_Data block_:
···

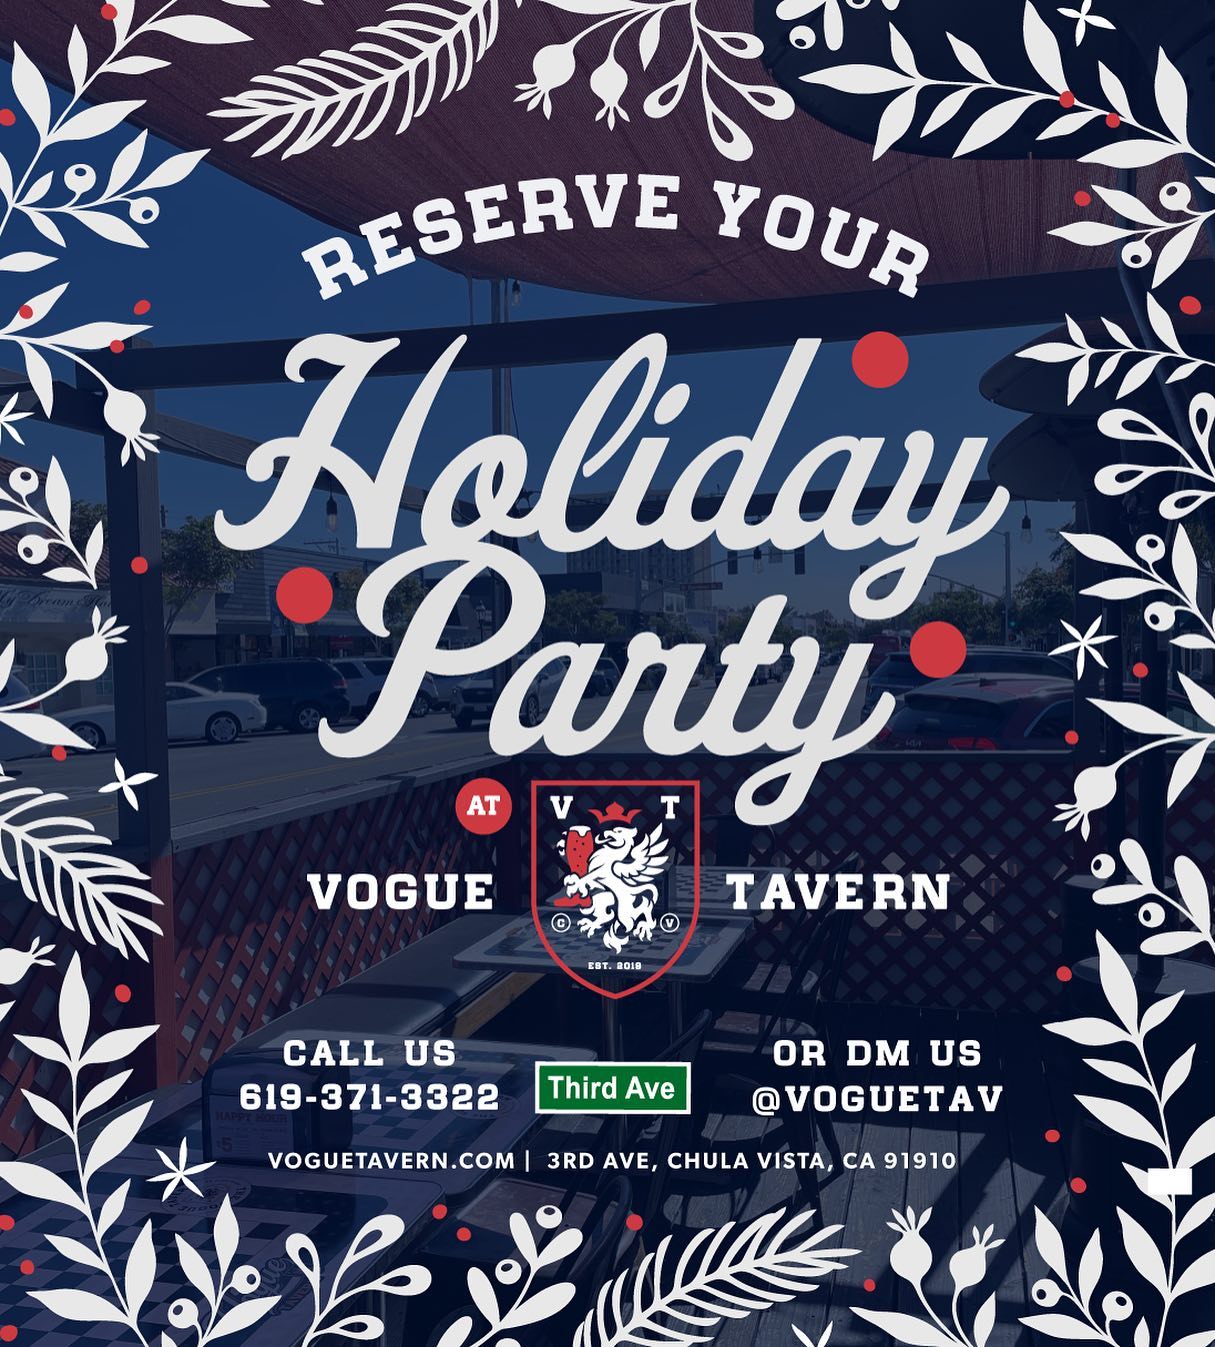 Reserve your holiday Party now
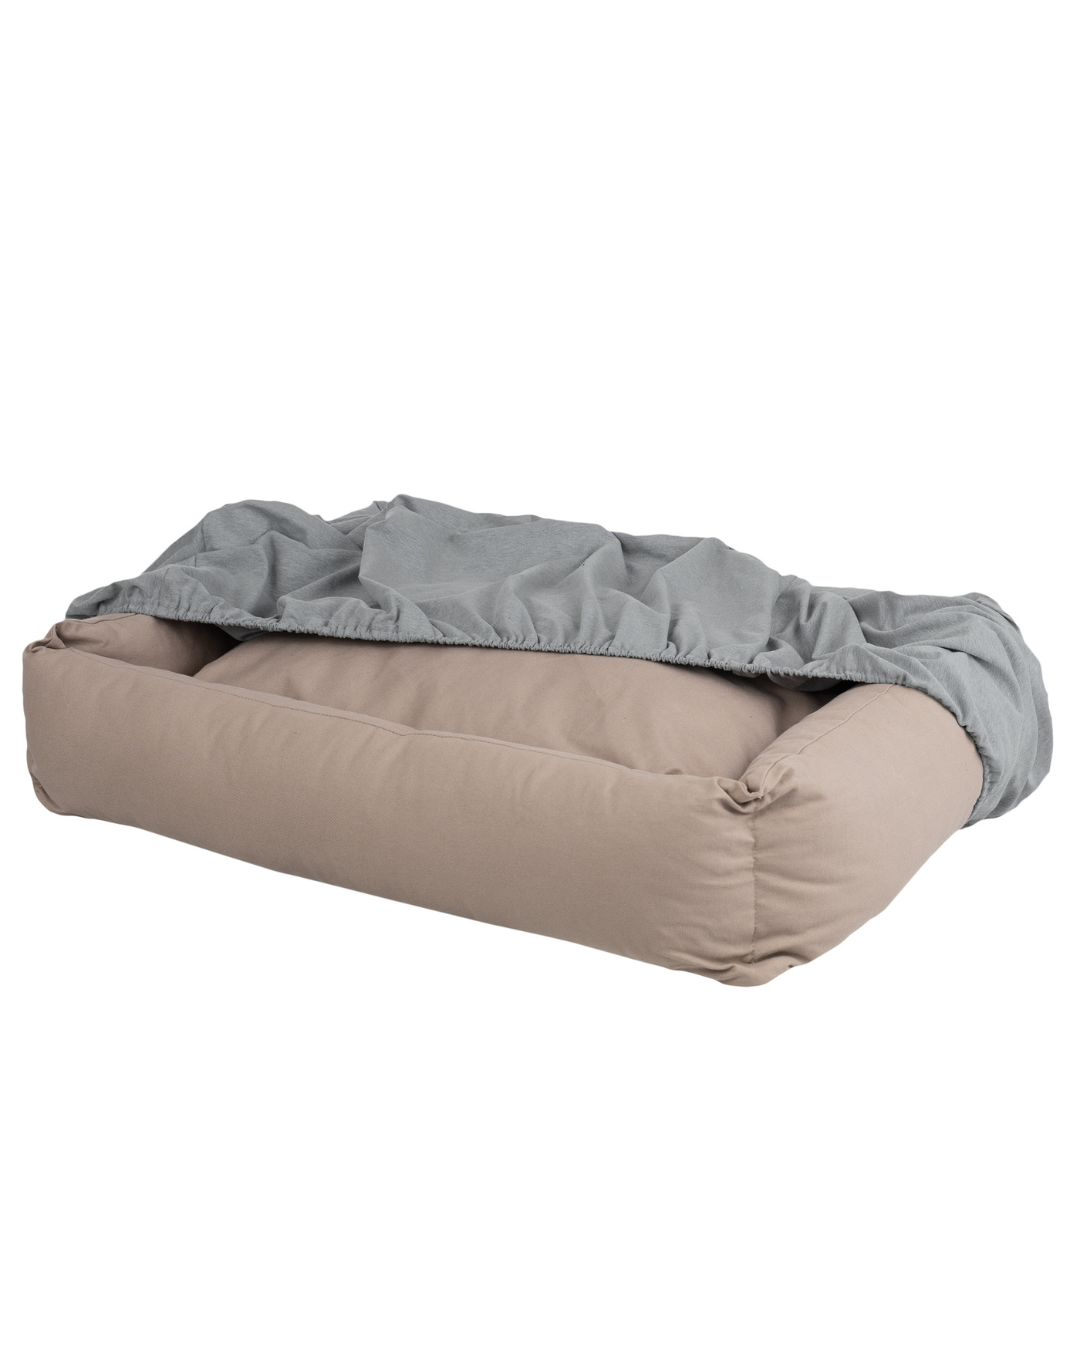 PAIKKA Recovery Bed Cover
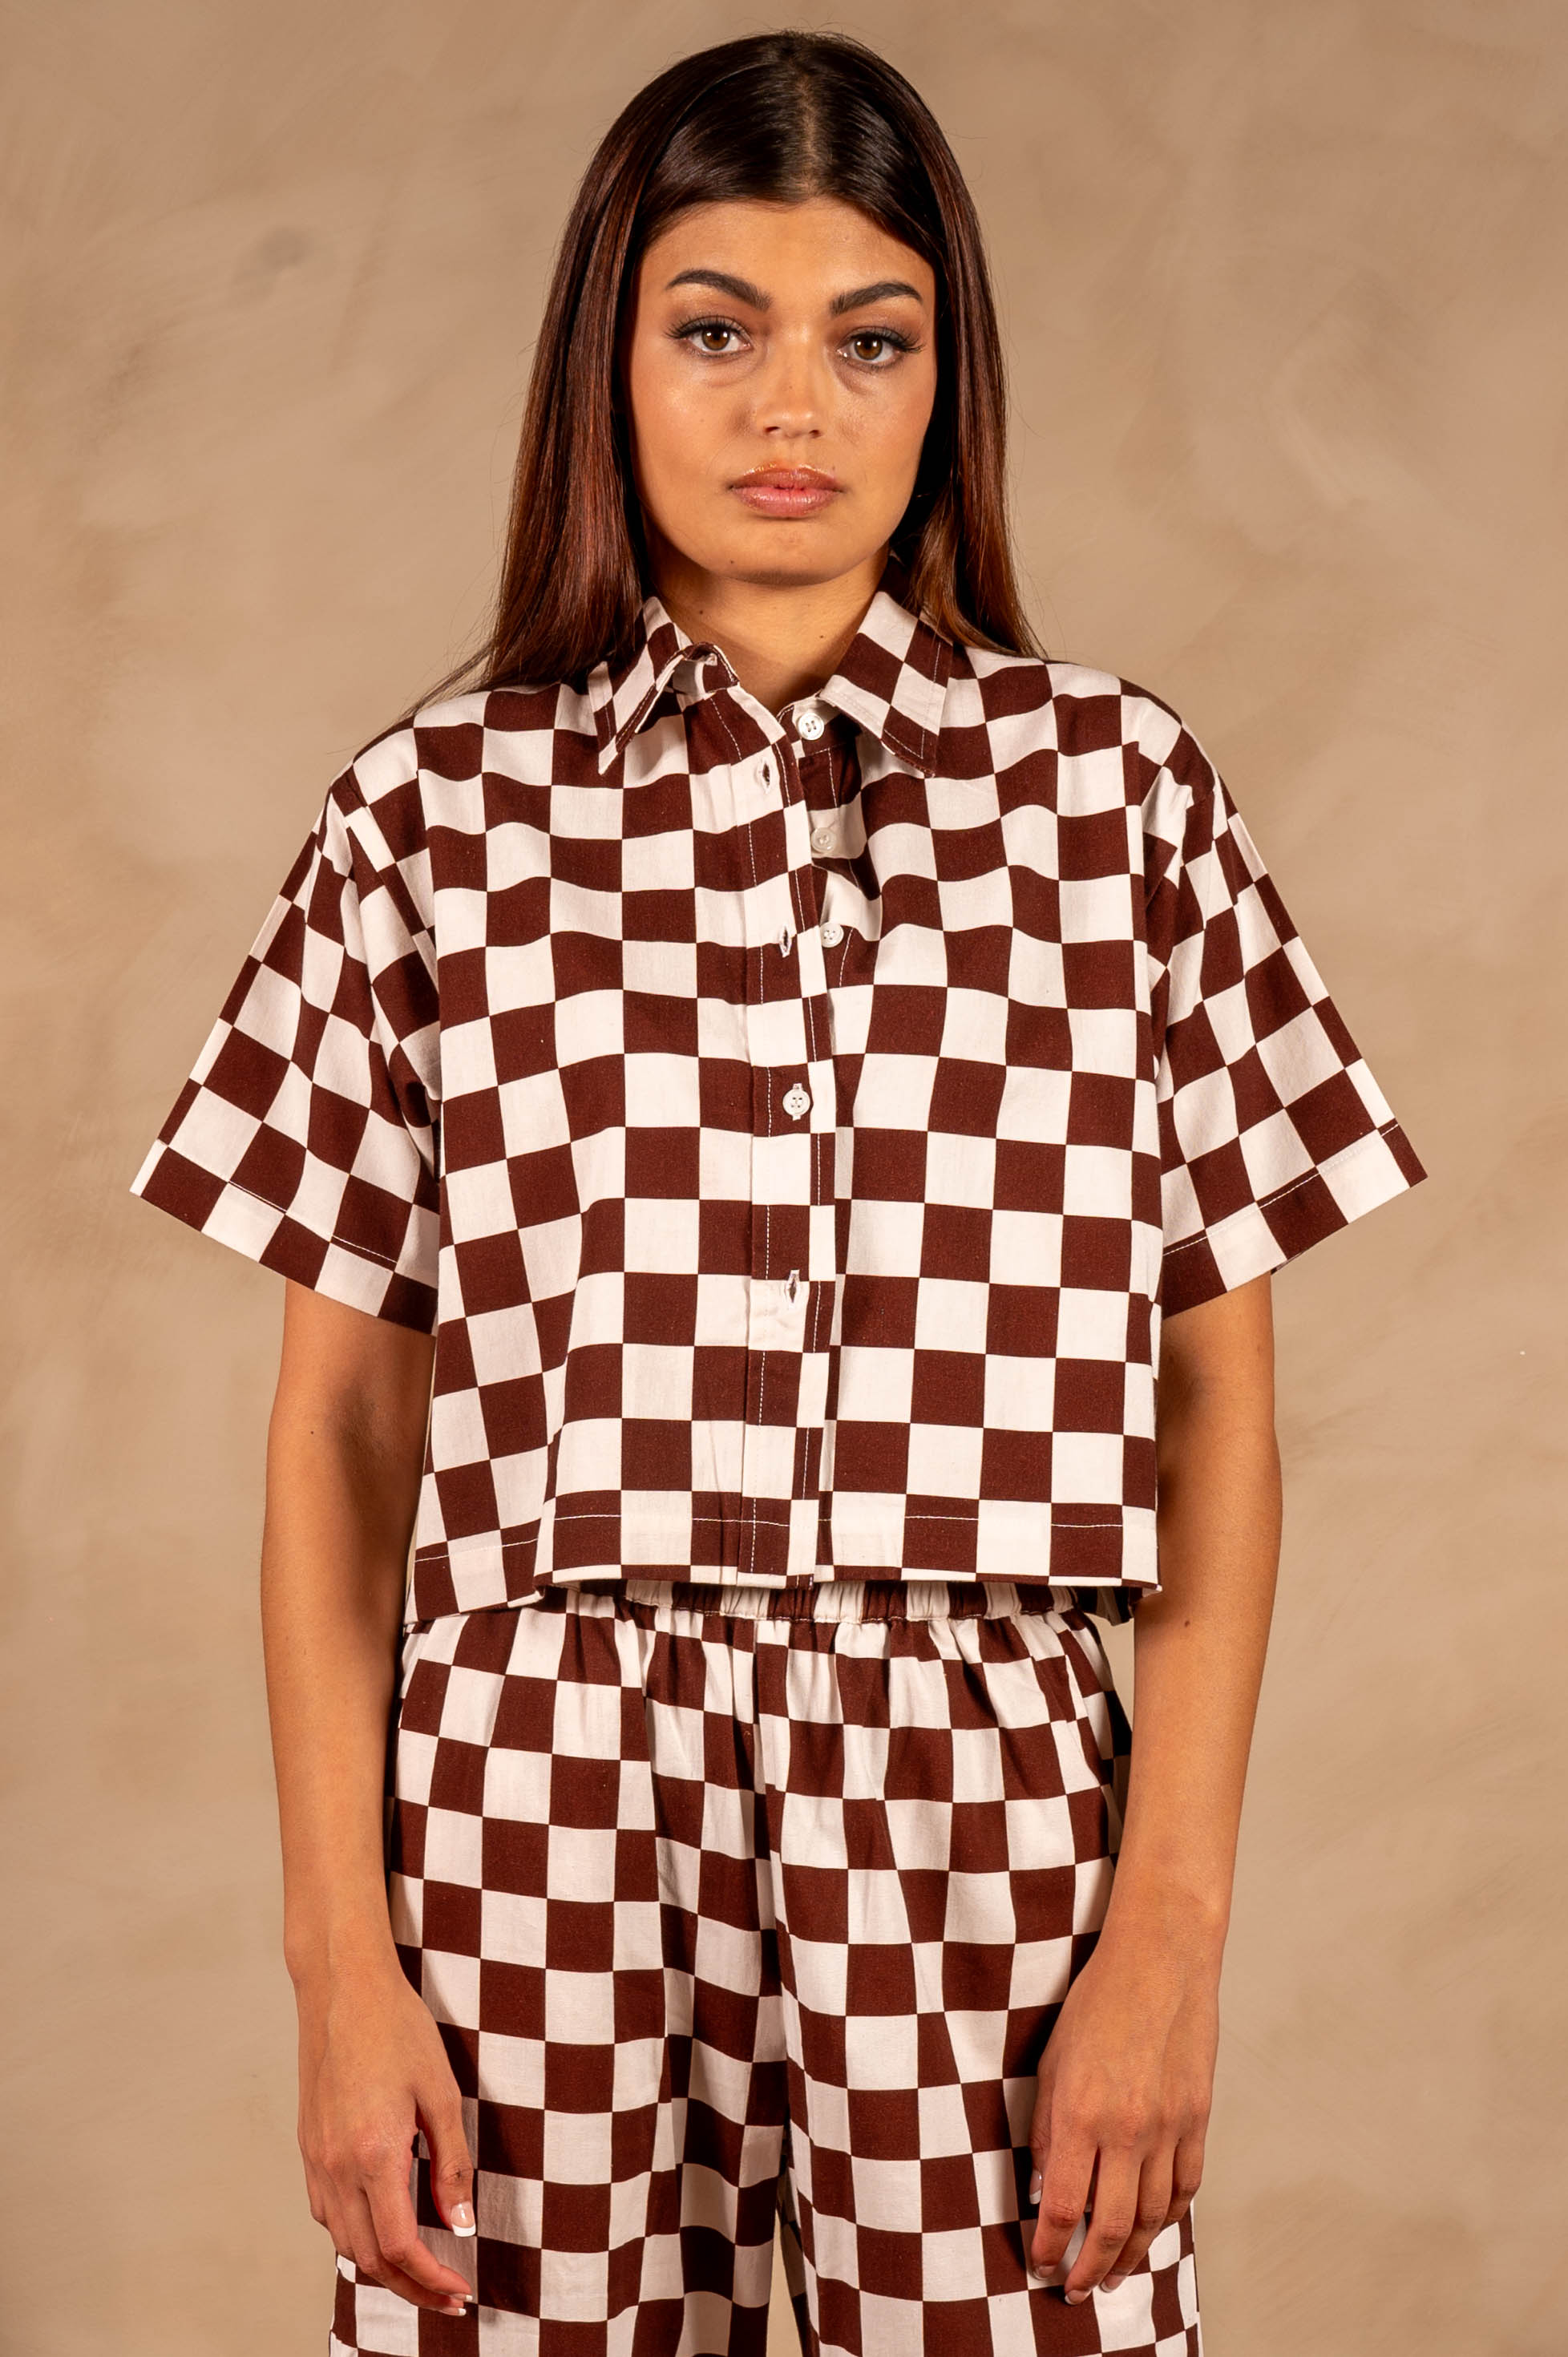 Hand Printed 'The Cami' Crop Shirt in Chocolate and White Chessboard

···

_Your assignment_: Quote the data above in full and without alteration; skip the pictures.

_Exercise answer_:
 Reserve your holiday Party now
 PAIKKA Recovery Bed Cover
 Hand Printed 'The Cami' Crop Shirt in Chocolate and White Chessboard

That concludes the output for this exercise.